§ Available data
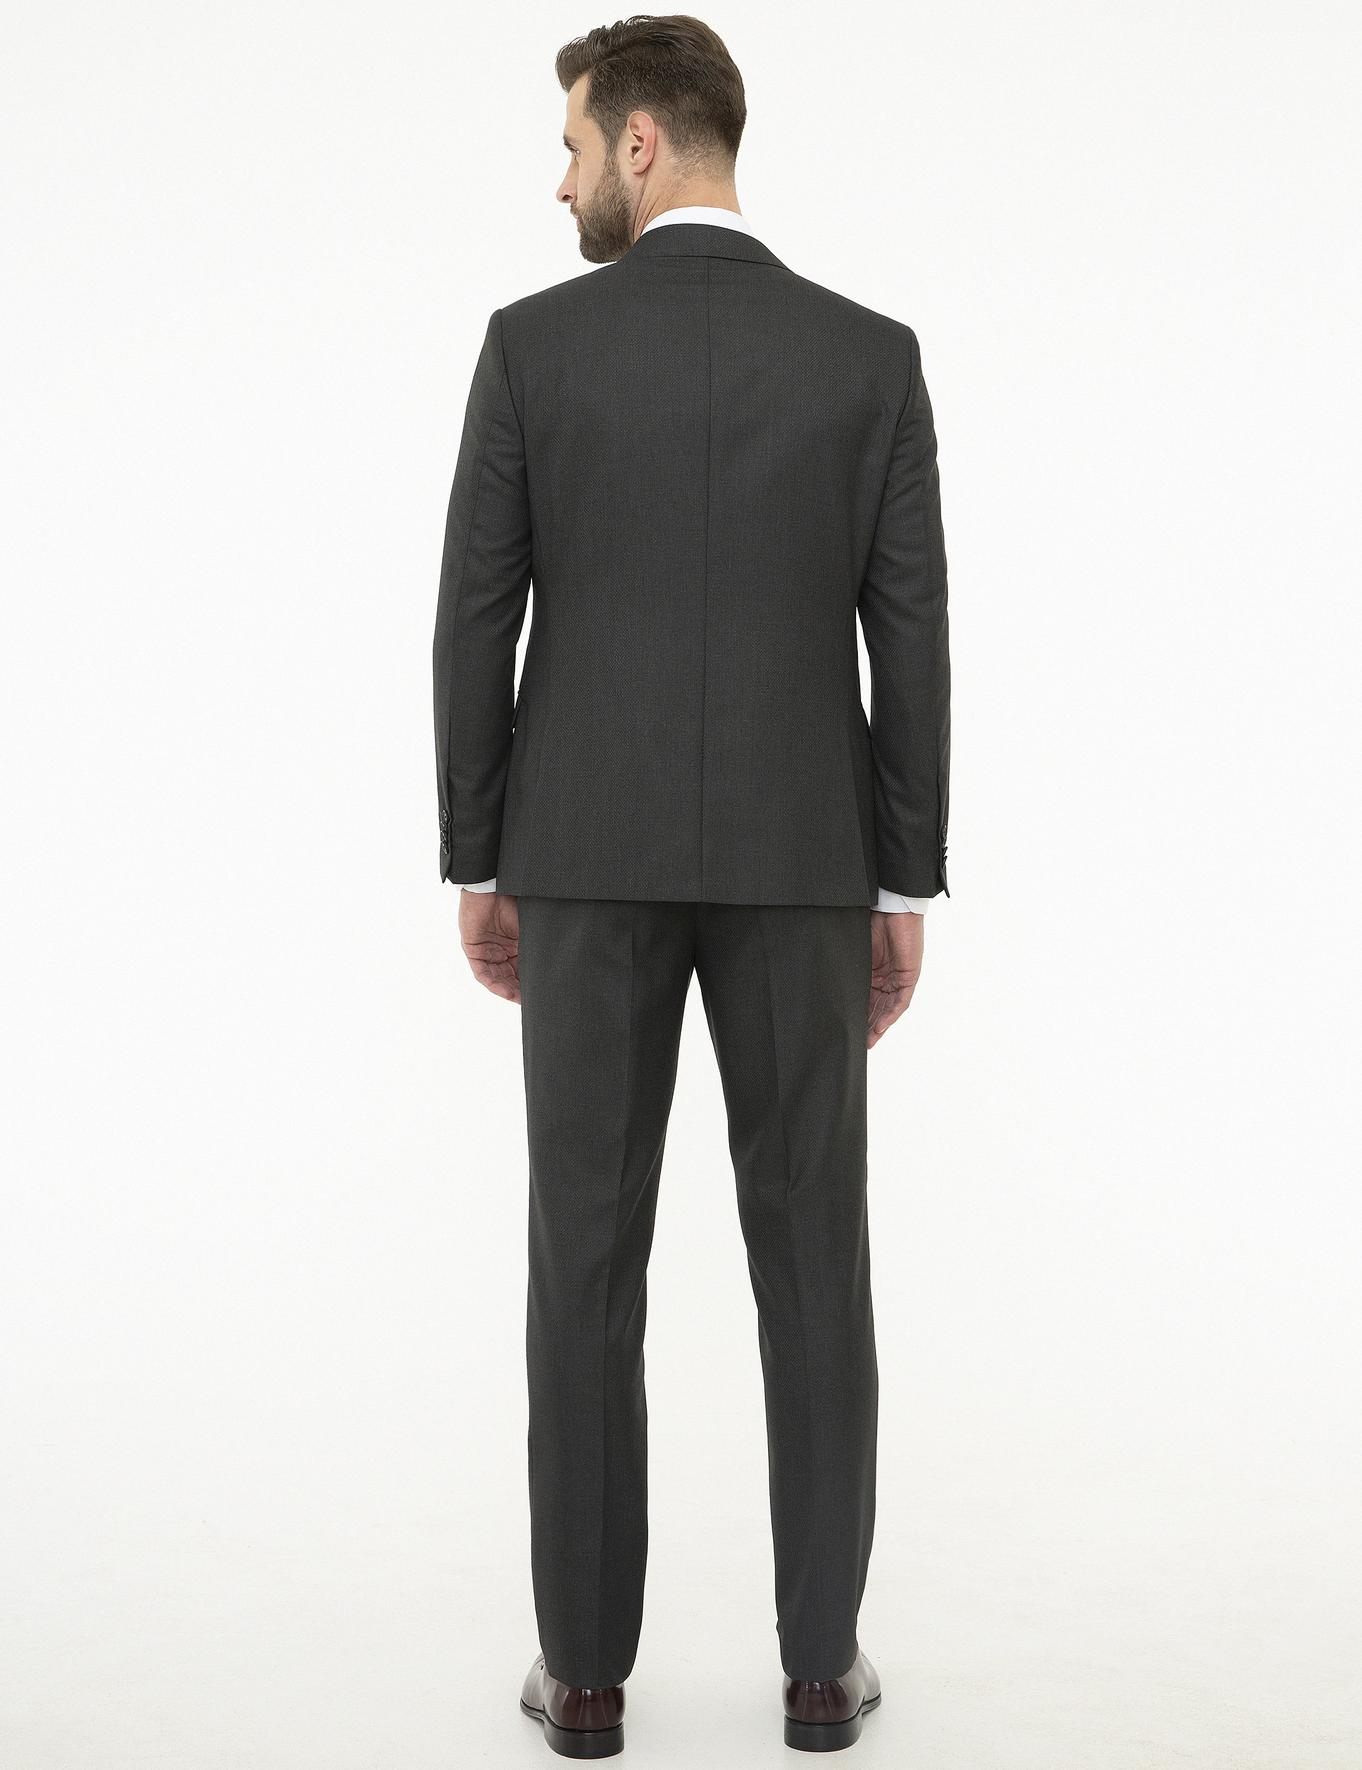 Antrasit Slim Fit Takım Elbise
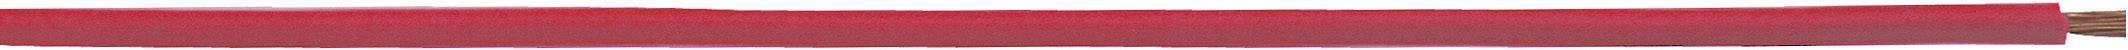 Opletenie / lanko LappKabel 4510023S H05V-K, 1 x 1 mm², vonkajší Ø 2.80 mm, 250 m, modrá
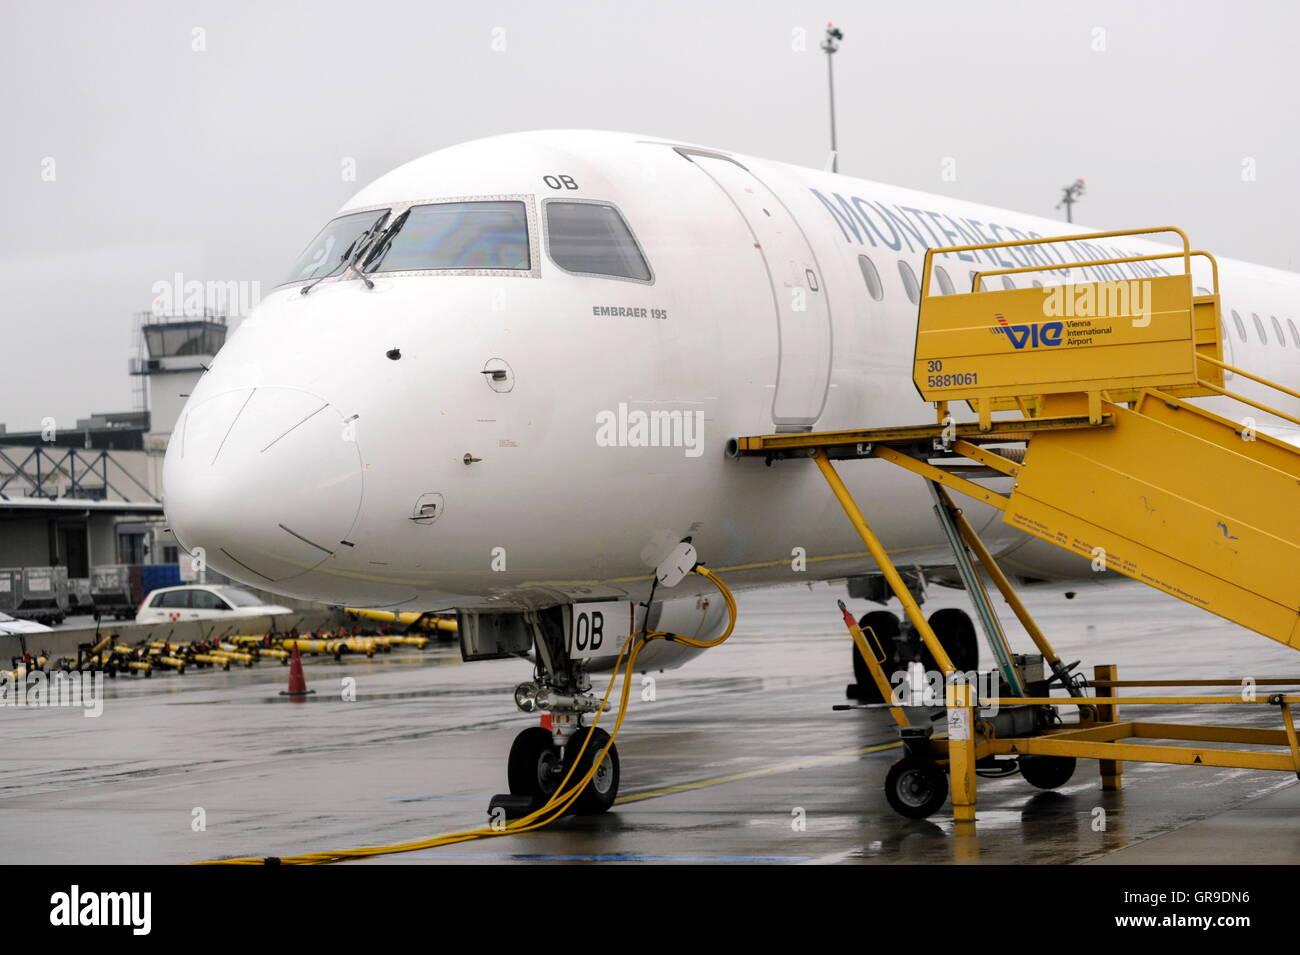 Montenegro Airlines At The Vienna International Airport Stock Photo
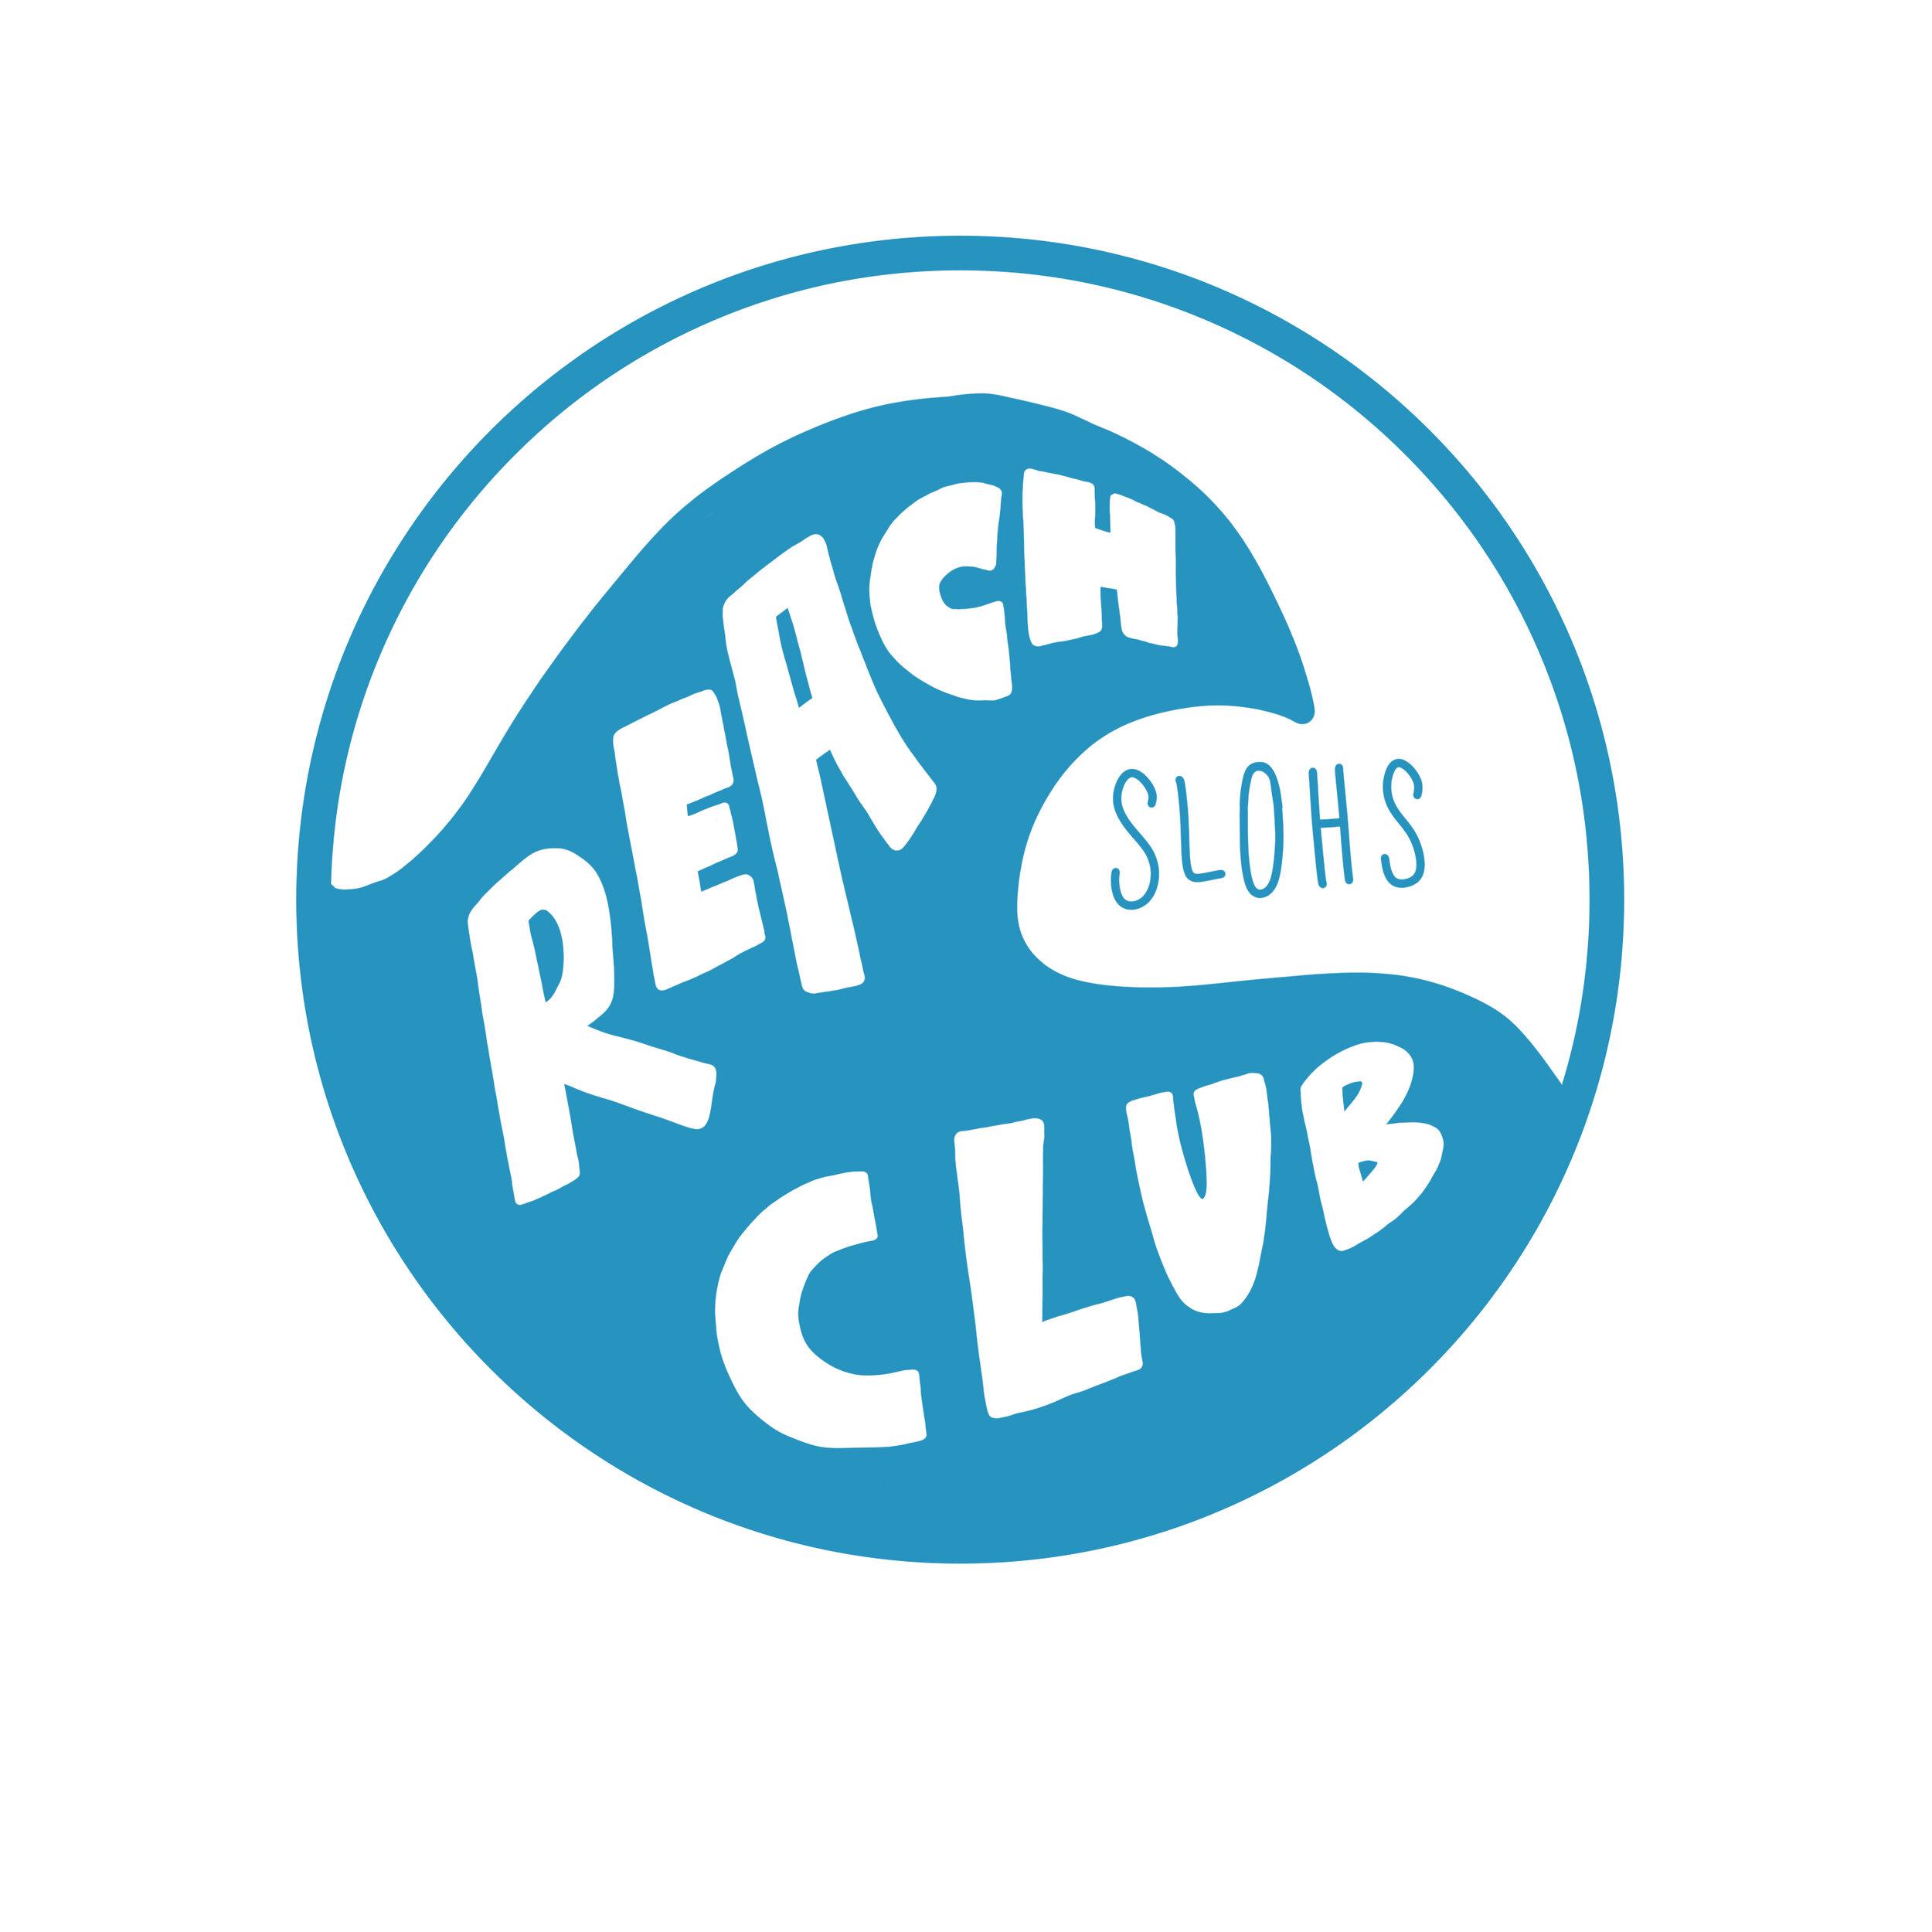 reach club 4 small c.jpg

§ What you have to do
Reproduce, word for word, every line from the one that contains "Montenegro Airlines At" to the end of the data, including both ends; omit all pictures.

§ Completed task
 Montenegro Airlines At The Vienna International Airport Stock Photo
 reach club 4 small c.jpg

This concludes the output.